The risk of outgassing or bleeding of the silicone base is probably also of secondary importance here. At this point, I also have fewer concerns about the long-term durability at high temperatures. We will have to see how well everything performs after 6 to 9 months, but I am quite hopeful. You can see the matrix with the embedded particles very clearly under extreme magnification.
Very different degrees of grinding were used here, which is reflected in the particle sizes. This ranges from the nano range to a few particles of up to 7 µm, which also explains why the paste cannot be squeezed endlessly thin and why no less than 8 µm was possible even under pressure. However, the matrix of the Corsair XTM70 Extreme Performance was not quite as stubborn as that of the TF8, but rather soft.
Now let’s take a closer look at what’s actually inside and what’s not. The paste contains a lot of fillers, mainly very fine aluminum oxide. The proportion of zinc oxide is significantly lower, but still sufficient. The ZnO is primarily used as a gap filler between the somewhat larger (and harder) Al2O3 grains. The paste therefore benefits from its viscosity and you have to take these circumstances into account when applying it. But it is quite feasible. It is somewhat similar to the Thermalright TF8 in this respect, as the particles are similarly weighted.
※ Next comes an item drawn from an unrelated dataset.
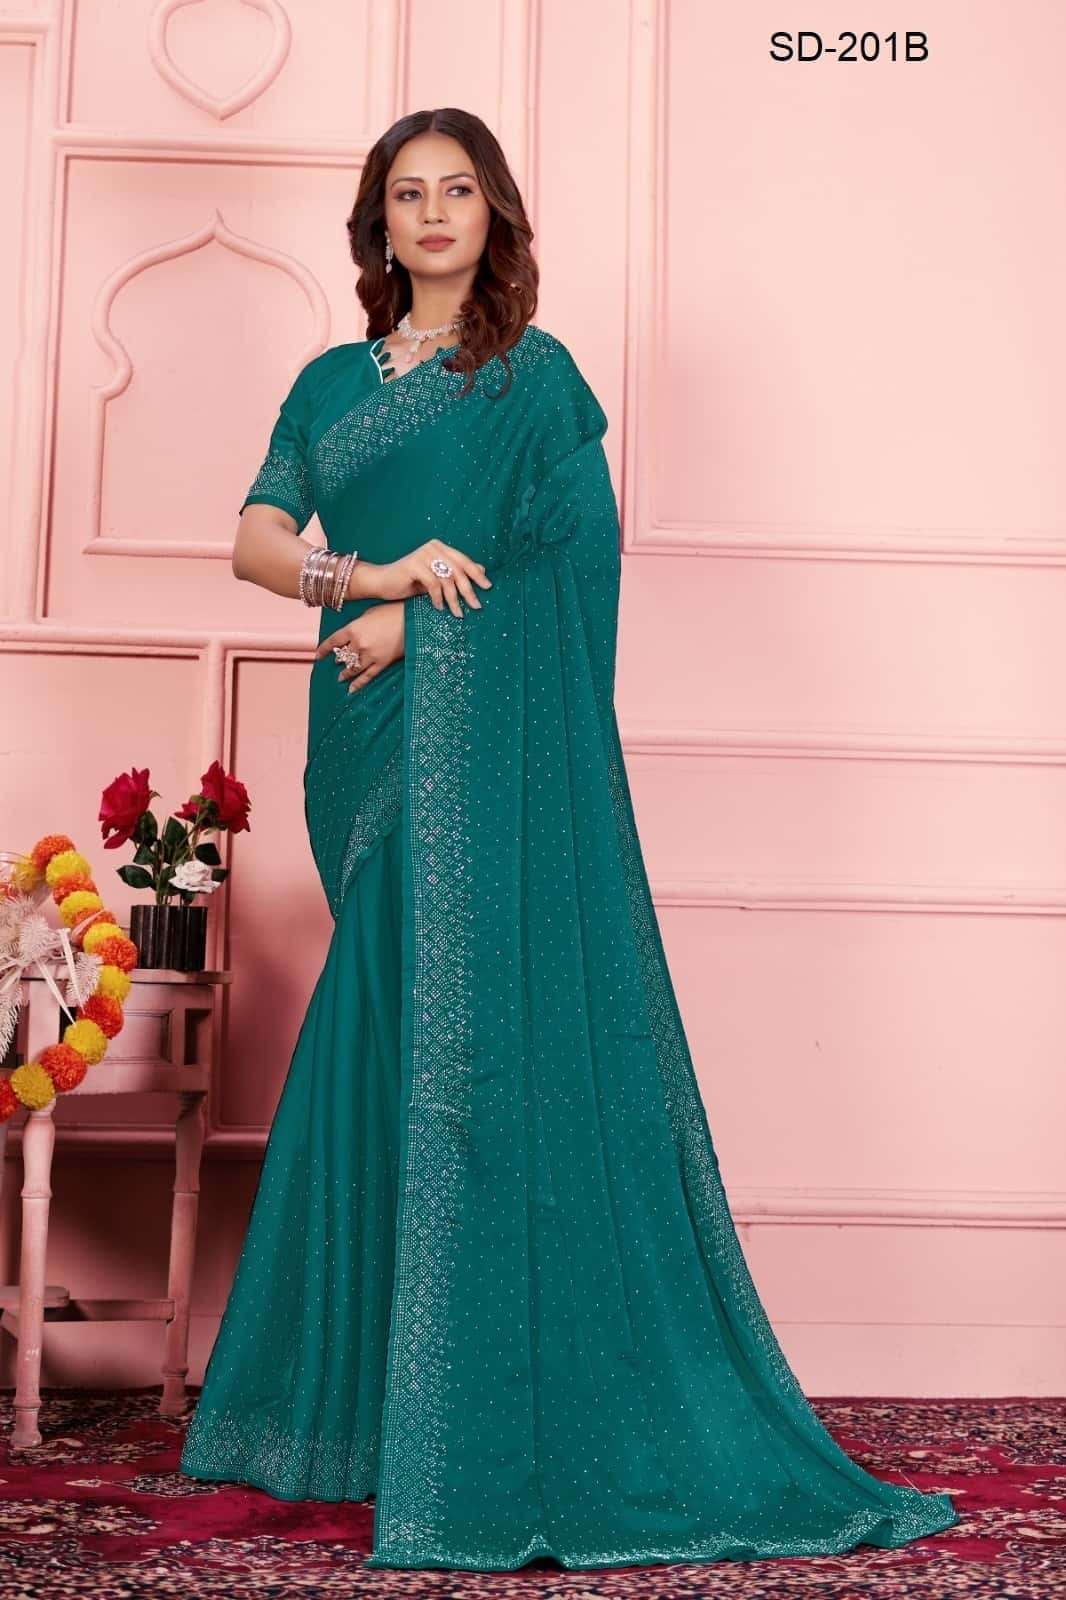 Suma Designer 201 Colors Latest Festive Wear Designer Saree Online Suppliers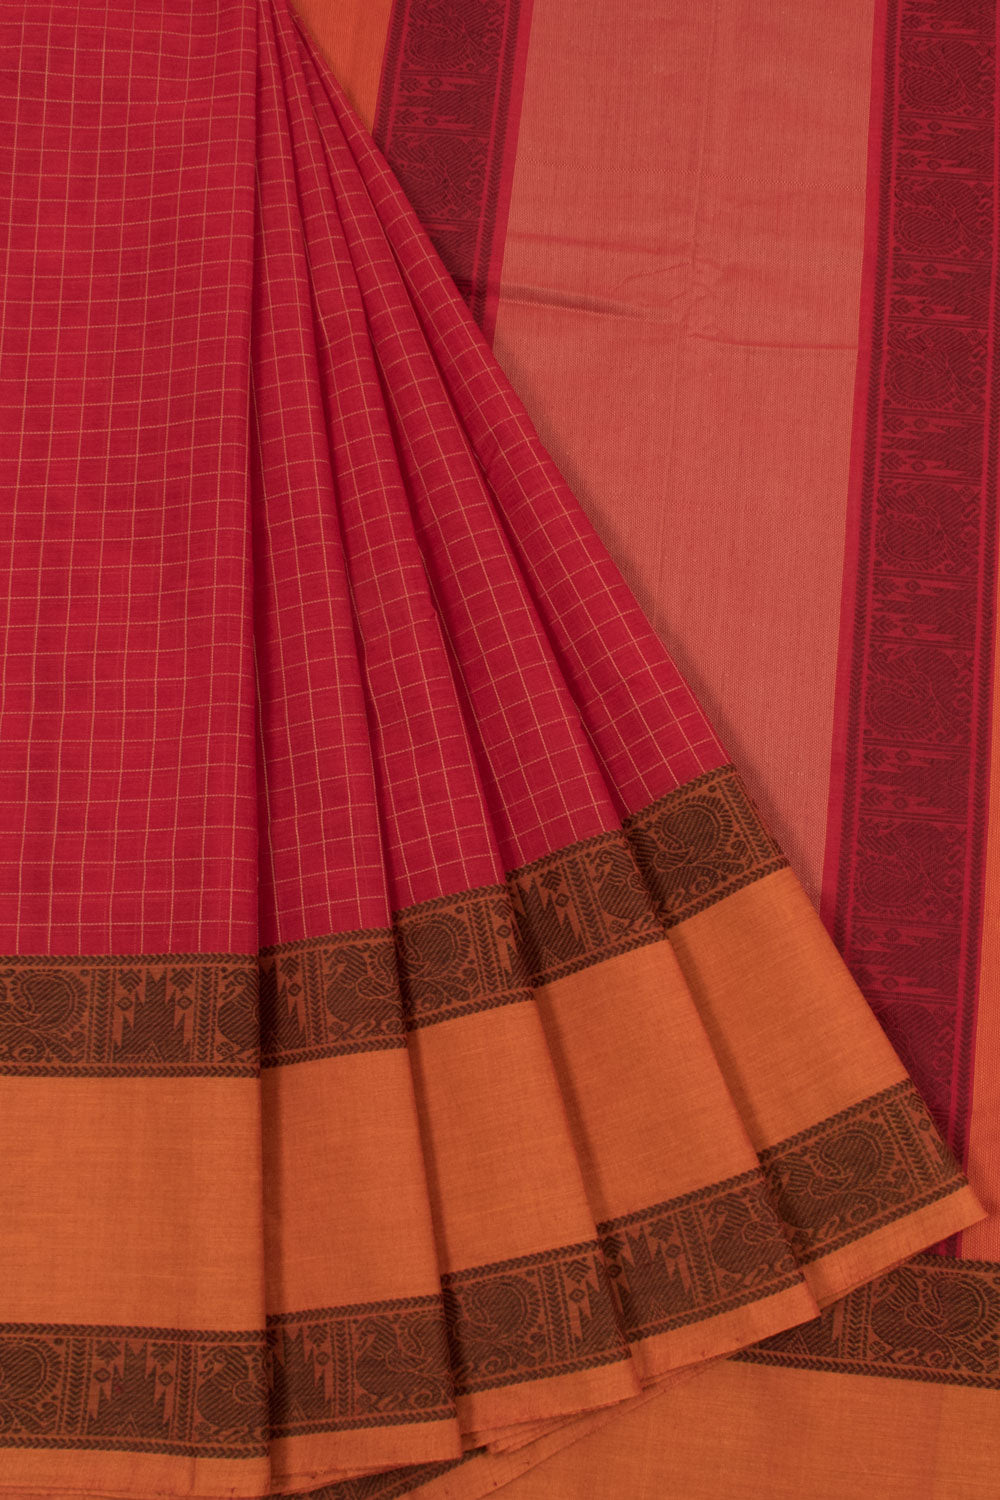 Handloom Kanchi Cotton Saree with Check Design and Peacock Border

Test equipment for material tests, accuracy and test preparation
My Keyence VHX 7000 and EA-300 are responsible for material testing and measuring the pastes and pads, enabling both exact measurements and fairly precise mass determinations of the chemical elements. But how does it actually work? The laser-induced breakdown spectroscopy (LIBS) I used for this article is a type of atomic emission spectroscopy in which a pulsed laser is directed at a sample in order to vaporize a small part of it and thus generate a plasma.
The emitted radiation from this plasma is then analyzed to determine the elemental composition of the sample. LIBS has many advantages over other analytical techniques. Since only a tiny amount of the sample is needed for analysis, the damage to the sample is minimal. The real damage is caused in today’s article by my rather coarse cutting and separating tools. This still quite new laser technique generally requires no special preparation of the samples for material analysis. Even solids, liquids and gases can be analyzed directly.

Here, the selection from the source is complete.